WARSAW, Poland (AP) — The last piano on which Frederic Chopin played and composed in Paris is being renovated by a U.S. expert who is giving it back its original mid-19th century characteristics.

Paul McNulty is spending days at the Frederic Chopin Museum in Warsaw filling in some cracks in the soundboard and putting in wire strings like the ones used by Paris piano manufacturer Camille Pleyel — Chopin’s favorite — in 1848.

“We’re very, very close to the character and the identity of this instrument when we put the correct strings on, everything else being in very good condition,” McNulty told The Associated Press on Thursday.

Pleyel made the instrument, with serial number 14810, available to Chopin, already seriously ailing at the time, in the fall of 1848. After Chopin’s death in October 1849, the piano was bought by his Scottish student and friend, Jane Stirling, who then offered it to Chopin’s eldest sister, Ludwika Jedrzejewiczowa.

The piano arrived in Warsaw in 1850 — it still bears the red customs seal of Russia that ruled Warsaw at the time. It survived two world wars, including the destruction of the 1944 Warsaw Rising.

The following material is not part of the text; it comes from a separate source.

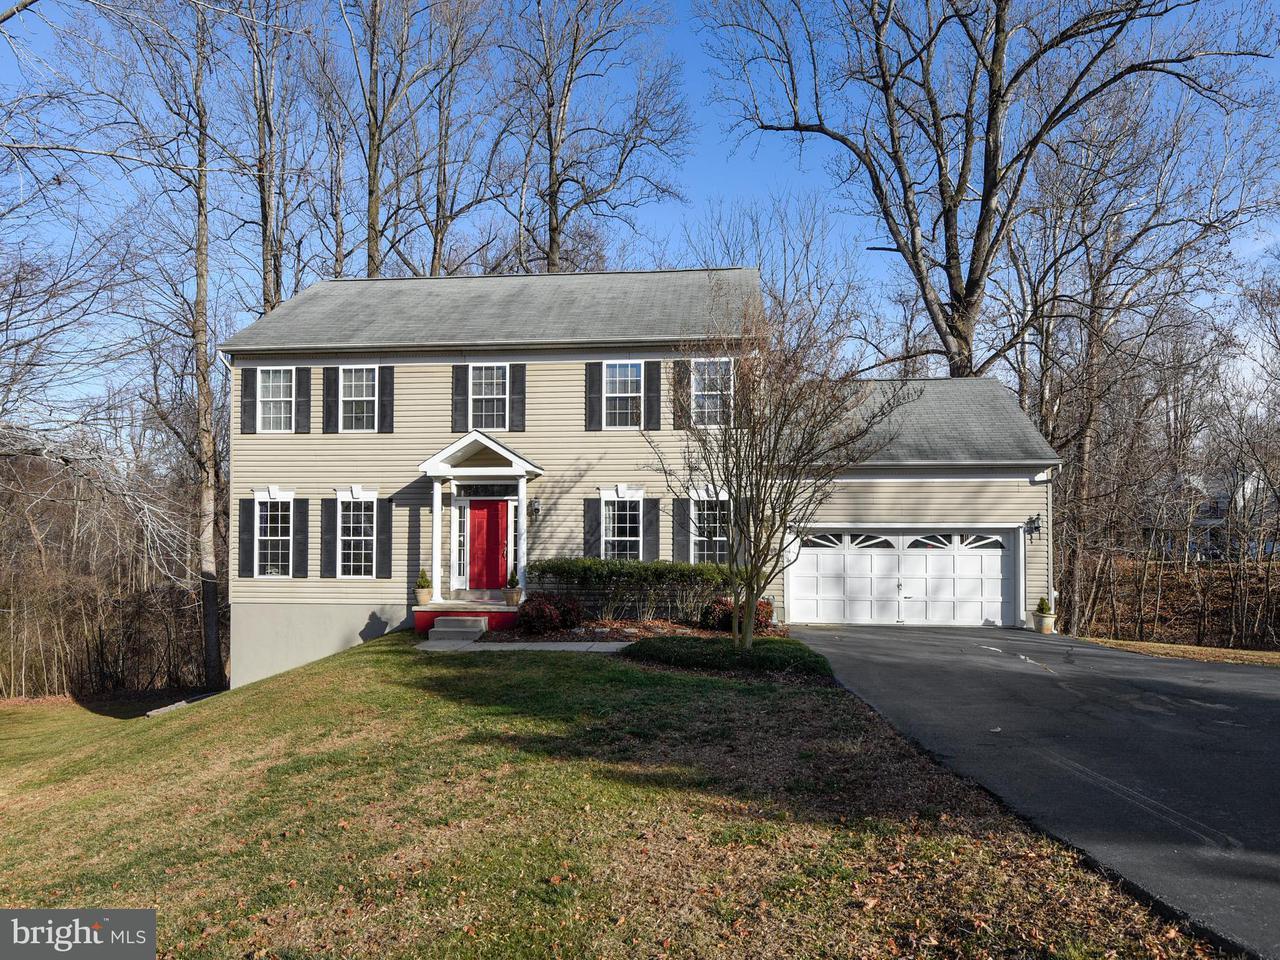 Μονοκατοικία για την Πώληση στο 3335 Blue Heron Dr N 3335 Blue Heron Dr N Chesapeake Beach, Μεριλαντ 20732 Ηνωμενεσ Πολιτειεσ

Given the provenance and the good condition of the instrument, McNulty said it is “priceless.”

Texas-born McNulty says this is the “best preserved Pleyel piano in the world,” despite having quite a dramatic history. It was played, but treated well by Chopin’s family and was not used for concert performances, also because of a failed renovation attempt.

It had most of its iron wire strings changed for much stronger and tighter modern ones during renovation in the late 1950s that destroyed its tone and put strain on the whole structure.

McNulty and museum authorities believe the current work will bring it as close as possible to the sound that Chopin heard.

“We hope it will sing for us again,” said Aleksander Laskowski, spokesman for The Frederic Chopin Institute that houses the museum.

“So an opportunity to hear the sound of Chopin’s piano as he heard it when he composed is quite likely,” Laskowski said.

McNulty, who has restored and built replicas of hundreds of historical pianos in the past 35 years , says the new sound “will be within the confines, the expectations of the builder.”

The instrument will serve as a resource for research and maybe as a model for a replica, but is not intended for performances.

Among the copies McNulty has made is the 1749 Silberman piano that Johann Sebastian Bach improvised on.

Chopin, Poland’s best known and beloved classical music composer and pianist, was born in 1810 in Zelazowa Wola near Warsaw to a Polish mother and a French father. He left Poland at 19 to broaden his musical education in Vienna and then in Paris, where he settled, composing, giving concerts and teaching the piano.

He died on Oct. 17, 1849, in Paris and is buried at the Pere Lachaise cemetery. His sister Ludwika brought his heart to Warsaw where it is in one of the pillars at the Holy Cross Church.